Unnamed: 0,Undergraduate Major,Starting Median Salary,Mid-Career Median Salary,Mid-Career 10th Percentile Salary,Mid-Career 90th Percentile Salary,Group
46,Psychology,35900.0,60400.0,31600.0,127000.0,HASS
47,Religion,34100.0,52000.0,29700.0,96400.0,HASS
48,Sociology,36500.0,58200.0,30700.0,118000.0,HASS
49,Spanish,34000.0,53100.0,31000.0,96400.0,HASS
50,Source: PayScale Inc.,,,,,


In [None]:
# The last row which has NaN values is not needed and dropped
clean_df = df.dropna()
clean_df.tail()

Unnamed: 0,Undergraduate Major,Starting Median Salary,Mid-Career Median Salary,Mid-Career 10th Percentile Salary,Mid-Career 90th Percentile Salary,Group
45,Political Science,40800.0,78200.0,41200.0,168000.0,HASS
46,Psychology,35900.0,60400.0,31600.0,127000.0,HASS
47,Religion,34100.0,52000.0,29700.0,96400.0,HASS
48,Sociology,36500.0,58200.0,30700.0,118000.0,HASS
49,Spanish,34000.0,53100.0,31000.0,96400.0,HASS


In [None]:
# Printing the starting median salary column
clean_df['Starting Median Salary']

Unnamed: 0,Starting Median Salary
0,46000.0
1,57700.0
2,42600.0
3,36800.0
4,41600.0
5,35800.0
6,38800.0
7,43000.0
8,63200.0
9,42600.0


In [None]:
# Max amount in the starting median salary column
clean_df['Starting Median Salary'].max()

74300.0

In [None]:
# Print the row with the max salary
clean_df['Starting Median Salary'].idxmax()

np.int64(43)

In [None]:
# Printing the course with the max salary using the row id
clean_df['Undergraduate Major'].loc[43]

'Physician Assistant'

In [None]:
# This can also be achieved using the double square bracket instead of using loc
clean_df['Undergraduate Major'][43]

'Physician Assistant'

In [None]:
# Using only loc without indicating column name, we can print the values of the entire row
clean_df.loc[43]

Unnamed: 0,43
Undergraduate Major,Physician Assistant
Starting Median Salary,74300.0
Mid-Career Median Salary,91700.0
Mid-Career 10th Percentile Salary,66400.0
Mid-Career 90th Percentile Salary,124000.0
Group,STEM


## **CHALLENGE**

In [None]:
# What college major has the highest mid-career salary?
# How much do graduates with this major earn? (Mid-career is defined as having 10+ years of experience).

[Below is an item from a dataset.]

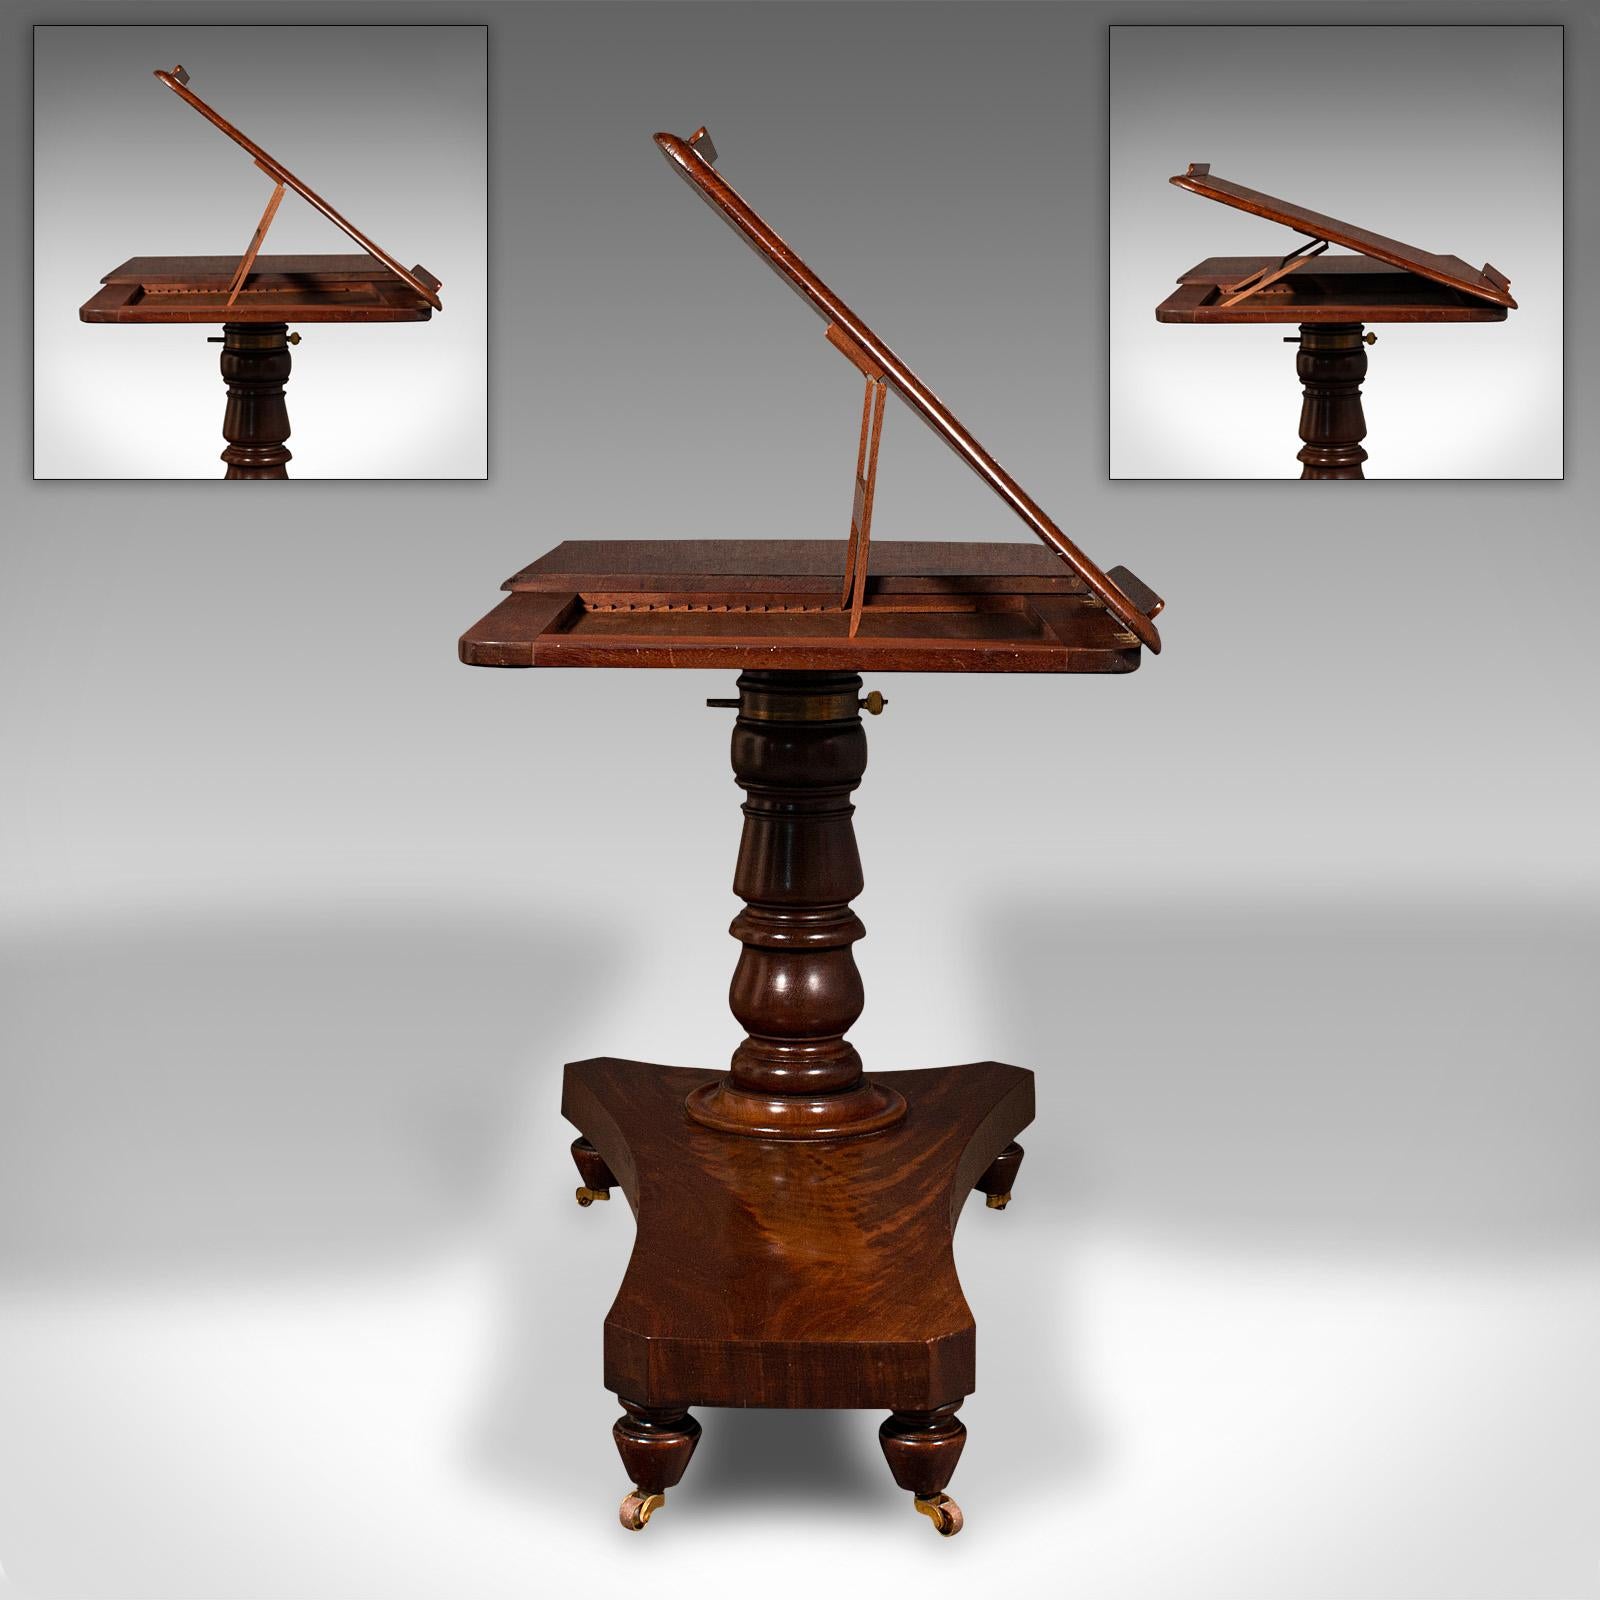 Wood Antique Gentleman's Reading Table, English, Adjustable, Writing Desk, Victorian

mid_career_max_id = clean_df['Mid-Career Median Salary'].idxmax()
mid_career_max_major = clean_df['Undergraduate Major'].loc[mid_career_max_id]
mid_career_max_salary = clean_df['Mid-Career Median Salary'].loc[mid_career_max_id]

print(f"College major with the highest mid-career salary is {mid_career_max_major}.")
print(f"Graduates with this major earn ${mid_career_max_salary}!")



College major with the highest mid-career salary is Chemical Engineering.
Graduates with this major earn $107000.0!


In [None]:
# Which college major has the lowest starting salary, and how much do graduates earn after university?

lowest_starting_salary_id = clean_df['Starting Median Salary'].idxmin()
lowest_starting_salary_major = clean_df['Undergraduate Major'].loc[lowest_starting_salary_id]
lowest_starting_salary = clean_df['Starting Median Salary'].loc[lowest_starting_salary_id]

print(f"College major with the lowest starting salary is {lowest_starting_salary_major}.")
print(f"They earn ${lowest_starting_salary} after university.")

College major with the lowest starting salary is Spanish
They earn $34000.0 after university.


In [None]:
# Which college major has the lowest mid-career salary, and how much can people expect to earn with this degree?

lowest_mid_career_id = clean_df['Mid-Career Median Salary'].idxmin()
lowest_mid_career_major = clean_df['Undergraduate Major'].loc[lowest_mid_career_id]
lowest_mid_career_salary = clean_df['Mid-Career Median Salary'].loc[lowest_mid_career_id]

print(f"College major with the lowest mid-career salary is {lowest_mid_career_major}.")
print(f"With this degree, they can earn ${lowest_mid_career_salary}!")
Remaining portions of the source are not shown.